Johnny immediately summoned the production team doctor, who promptly announced Winona too sick to work, and too sick even to fly home for a few days. ‘I literally couldn’t move. It wasn’t my choice. It was out of my hands.’ Even when she and Johnny did eventually fly back to Petaluma, all she could do was lie in bed. ‘I had nothing left in my system. I was a wreck in every sense of the word and I just needed to rest and do nothing.’ But as a result, ‘I was getting threats that my career would be over and that I was going to get sued,’ she recalls. Even her agent warned that if she walked out of the movie she might as well give up acting there and then. Winona left the agency some time later. But what good did that really do? Everywhere she turned, it seemed, the advice was the same.

The press, of course, was another matter entirely. Winona recalls, ‘I was sick physically, and exhausted. That’s what happened.’ But immediately on her return home, and for months to come, Winona became equally sick of having to defend herself. The standard catalogue of absurd and untruthful rumours circulated around Hollywood about why she had left the movie; she was pregnant, she had overdosed, she was having a nervous breakdown, it was drugs, it was an eating disorder, it was Johnny having an affair, it was an assortment of other disasters.

Some even suggested it had been engineered so that she and Johnny could make Edward Scissorhands together. What seemed to escape their attention, though, was the fact that Winona had already agreed to appear in the film long before Johnny was cast alongside her. Later, she would concede that the two movies’ schedules did conflict, but that was a bridge she intended to cross when she came to it. Finally losing patience, Winona snapped, ‘It’s amazing how people want things to be as nasty and complicated as possible.’

The truth, she continued, was simple. ‘I was told by my doctor that I couldn’t work. I don’t know why nobody believed it. Maybe people thought Johnny was influencing me, but he wasn’t. He was just taking care of me, ordering room service, sticking his fingers down my throat, helping me to throw up.’ Today, Winona credits Johnny alone with helping her through the ensuing storm. But how many times would she have to defend her decision to walk out on The Godfather? How many times would she have to explain?

‘Sure, it’s disappointing, devastating in fact. I wish it didn’t happen, but it did. Obviously I would have loved to have worked with those wonderful actors and a great director. But it wasn’t a choice. It wasn’t like, "Well, I’m not feeling well today. Maybe I won’t do this movie." The doctor was there and he said, "You have an upper respiratory infection. You can’t do it." My leaving the movie was a disappointment to everyone. Especially me.’

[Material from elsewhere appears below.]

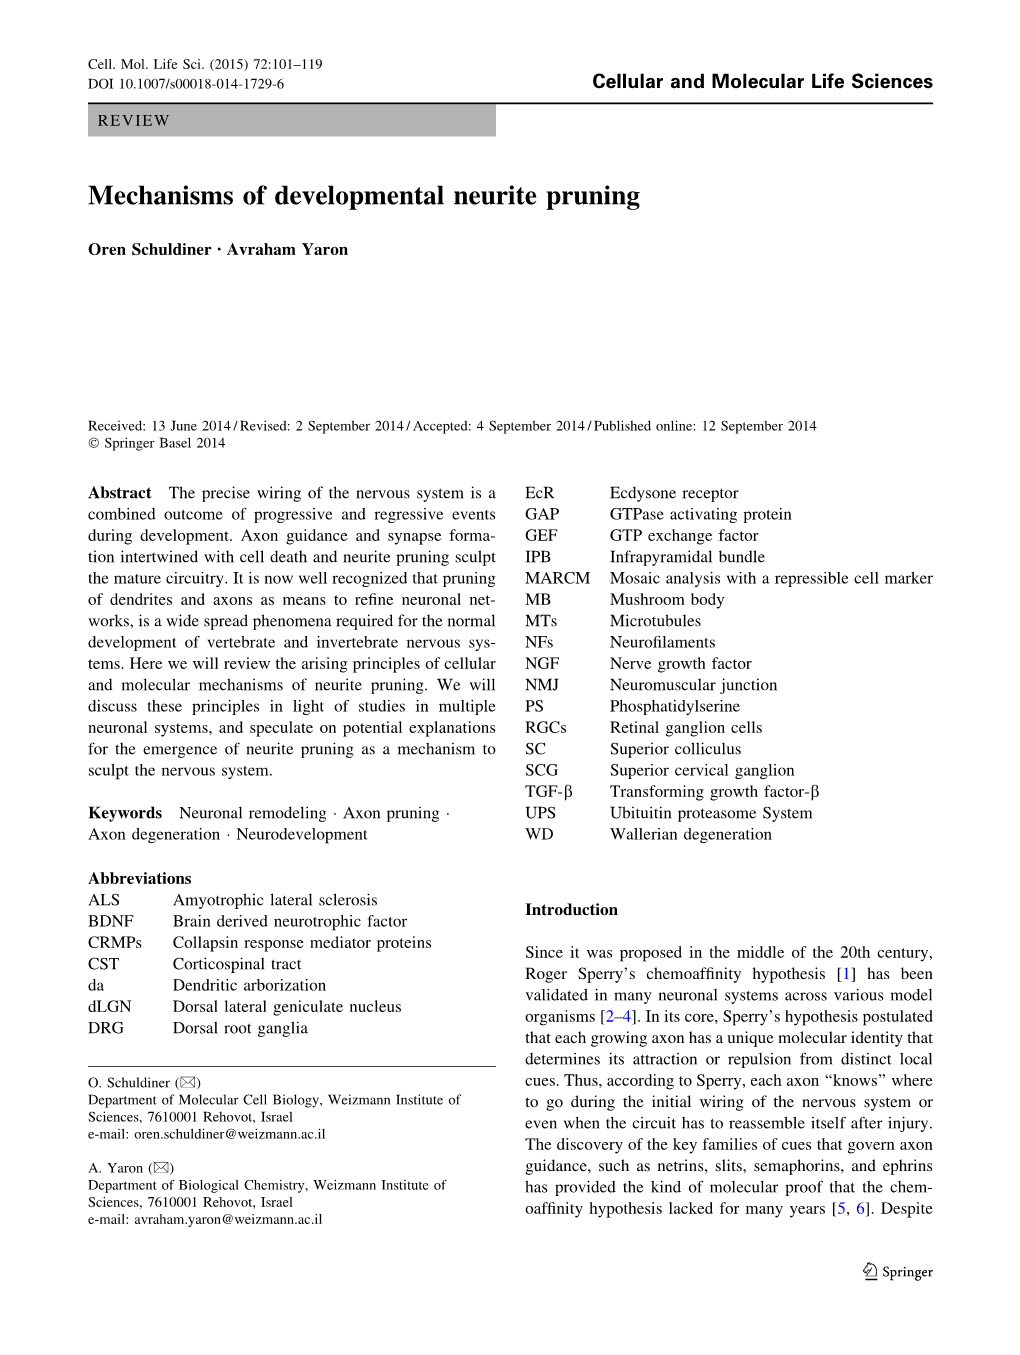 Mechanisms of Developmental Neurite Pruning
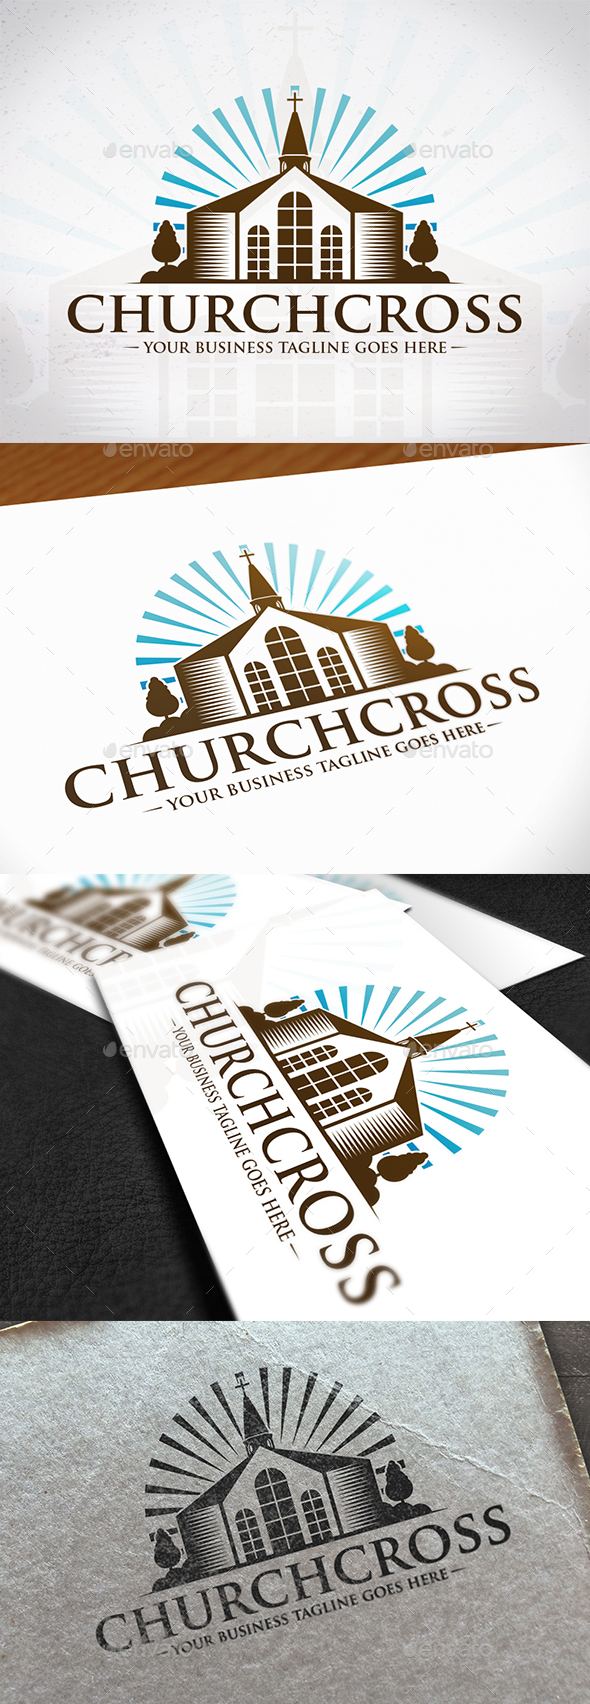 Cross Church Creative Logo

For the time being though, all Winona could do was lie in bed, and recuperate throughout the period she should have been filming in Rome. She also focused on making sure her relationship with Johnny worked out. But it wouldn’t be the only time. ‘He is an amazing person whom I have an enormous amount of respect for and very deep feelings for. It’s not a possessive, weird little Hollywood promenade.’ When she did finally return to work, it would be alongside Johnny on Tim Burton’s warm Florida set of Edward Scissorhands.